**Exercise directions:**
Your response should be an exact reproduction of the data below, beginning at the line containing "monta-oceanking-2" and ending with the final line.

**Material provided:**
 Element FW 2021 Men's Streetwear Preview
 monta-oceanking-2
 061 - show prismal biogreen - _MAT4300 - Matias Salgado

**Result for this task:**
 monta-oceanking-2
 061 - show prismal biogreen - _MAT4300 - Matias Salgado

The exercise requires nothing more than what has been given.